Legal AI and prop tech pioneer, LEVERTON, has launched a new capability that will allow customers to train their own models and move beyond the range of document types the company provides for. They are calling this ‘AI as a Service’, or AIaaS, and it marks an important expansion of the company’s capabilities.
AIaaS will be offered as a SaaS solution to create extraction templates and annotations for new document types that are not currently available in the company’s ‘library’.
The move will no doubt be welcomed by the market, which has got used to seeing the ability to train up NLP models on their own, as and when they like, with other AI providers. For example, Kira Systems’ ‘Quick Study’ feature is a case in point, though LEVERTON’s approach appears to work a little differently.
This move now helps to level the playing field, allowing LEVERTON, which first launched in Germany but now operates globally, to compete more easily with the other big brand legal AI companies.

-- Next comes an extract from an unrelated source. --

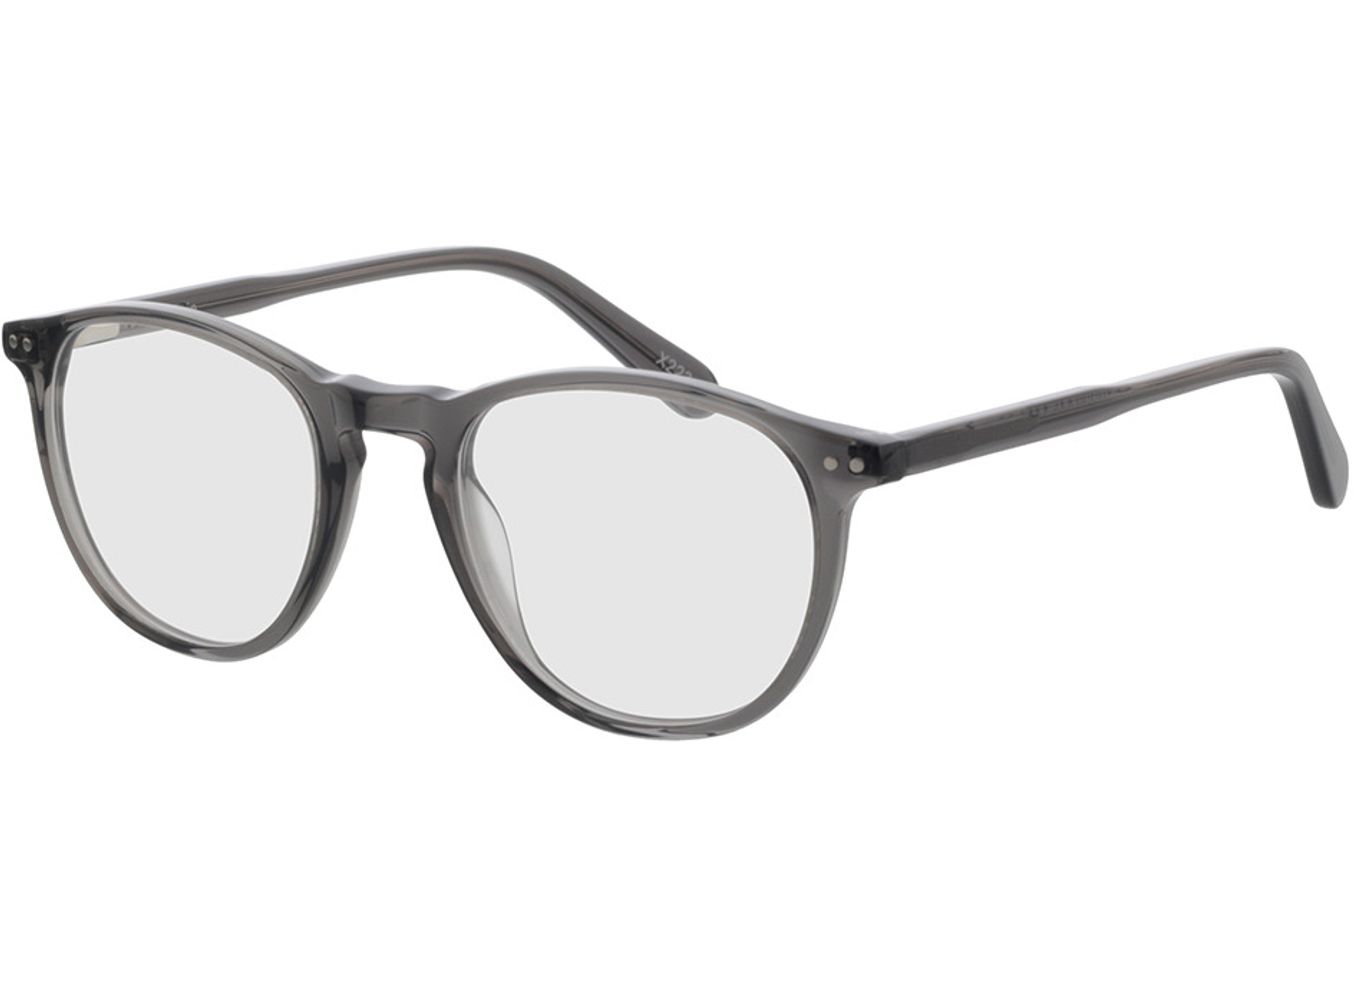 Alvin - grau Gleitsichtbrille, Vollrand, Rund von Brille24 Collection

It also means that clients won’t have to focus mainly on areas related to property, where LEVERTON has always had a strong focus, and could now – in theory – train up the system to analyse any type of documents they are interested in.

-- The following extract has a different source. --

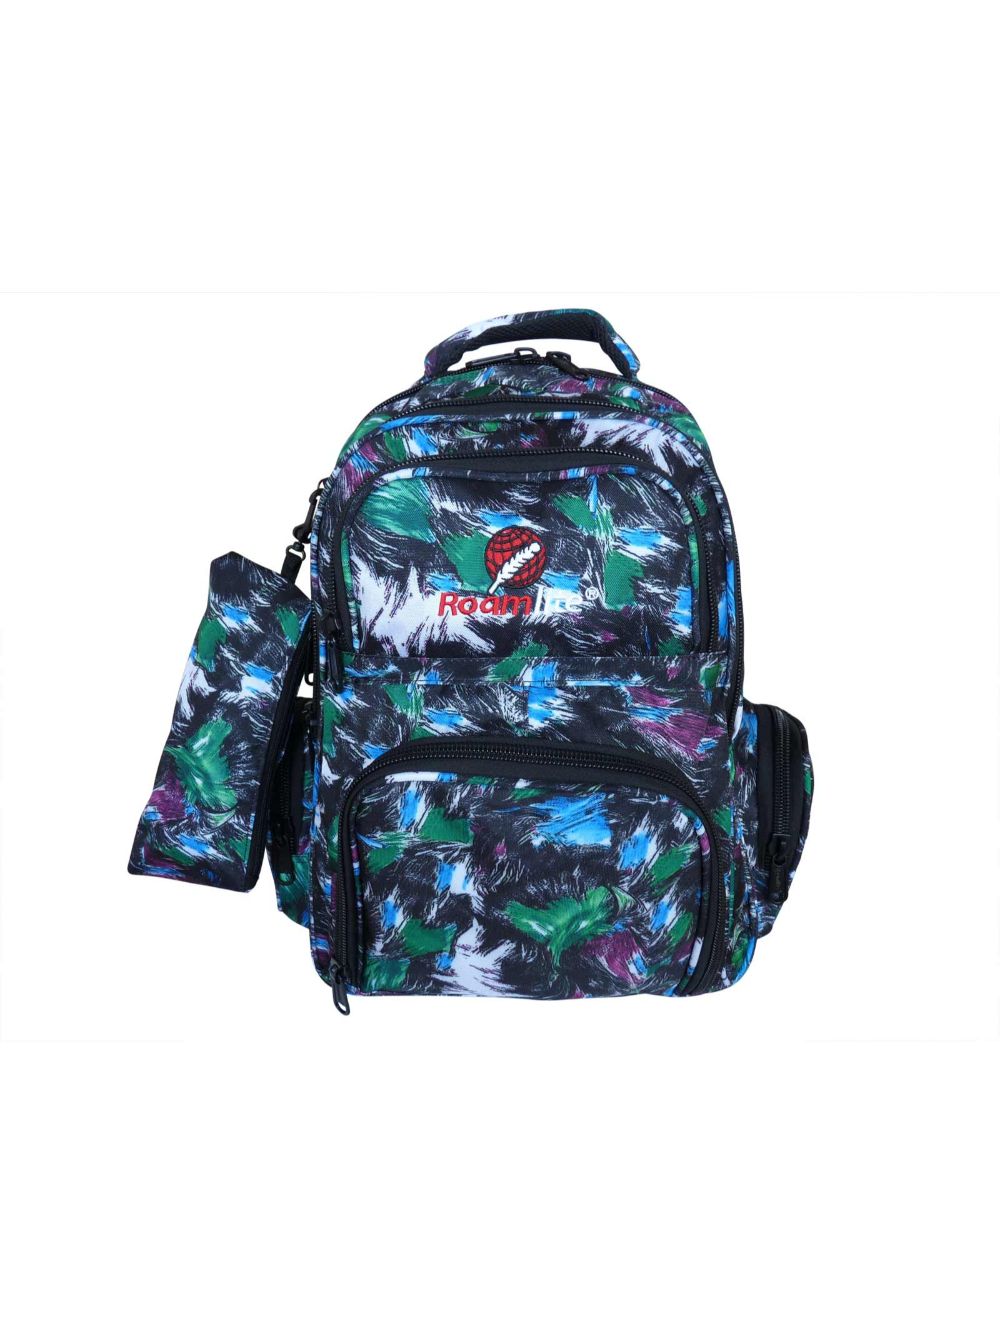 Roamlite Childrens Backpack Green Paint pattern RL839 front

The company said: ‘In Beta testing since 2018, LEVERTON AIaaS has been proven effective at extracting data from an array of document types including: insurance contracts, invoices, procurement documents, credit card bills, shipping manifests, credit agreements, loan documents, case law, and more.’
Florian Kuhlmann, LEVERTON’s founder and CTO, added: ‘When we started building LEVERTON in 2012, deep learning was a completely new concept. Even companies like Google, Amazon, and Facebook were just starting to explore its power. It took us years to perfect our technology, and once we did, we wanted to help every business use it to unleash the power of their data – even without a team of data scientists.’
Abhinav Somani, LEVERTON’s Global CEO, concluded: ‘We want people to stop spending hours manually scrubbing scanned PDFs, and instead, leverage automation so they can spend that time finding insights from that data.’
LEVERTON also offers an ‘Assisted solution’ that will enable users to define their extraction needs and leverage LEVERTON’s third-party network to provide the ‘annotation services’. The company also now has around 200 clients, the company added.
Is this a big deal?
For LEVERTON it certainly is a big deal. Only offering pre-set, pre-trained extraction capabilities may take a lot of work out of the hands of the clients – which is a good thing – but, it also means clients cannot easily customise the AI tech for their own needs.
With the new DIY capability LEVERTON widens its potential client base and also hopefully allows those existing users to now make greater use of the system and – no doubt LEVERTON hopes – use them rather than relying on other AI systems.
The fact that the company highlighted shipping manifests was especially interesting, as Artificial Lawyer has not seen legal AI companies working with such documents before. It also shows that LEVERTON is seeing a future that is far larger than the real estate and finance world.
Below are some of the areas where the company currently has pre-trained capabilities in their library.
Will this change the market picture in the legal AI sector? Hard to tell yet, but it certainly shows that LEVERTON is still very much on the map and potentially will now be able to claim a much wider market share.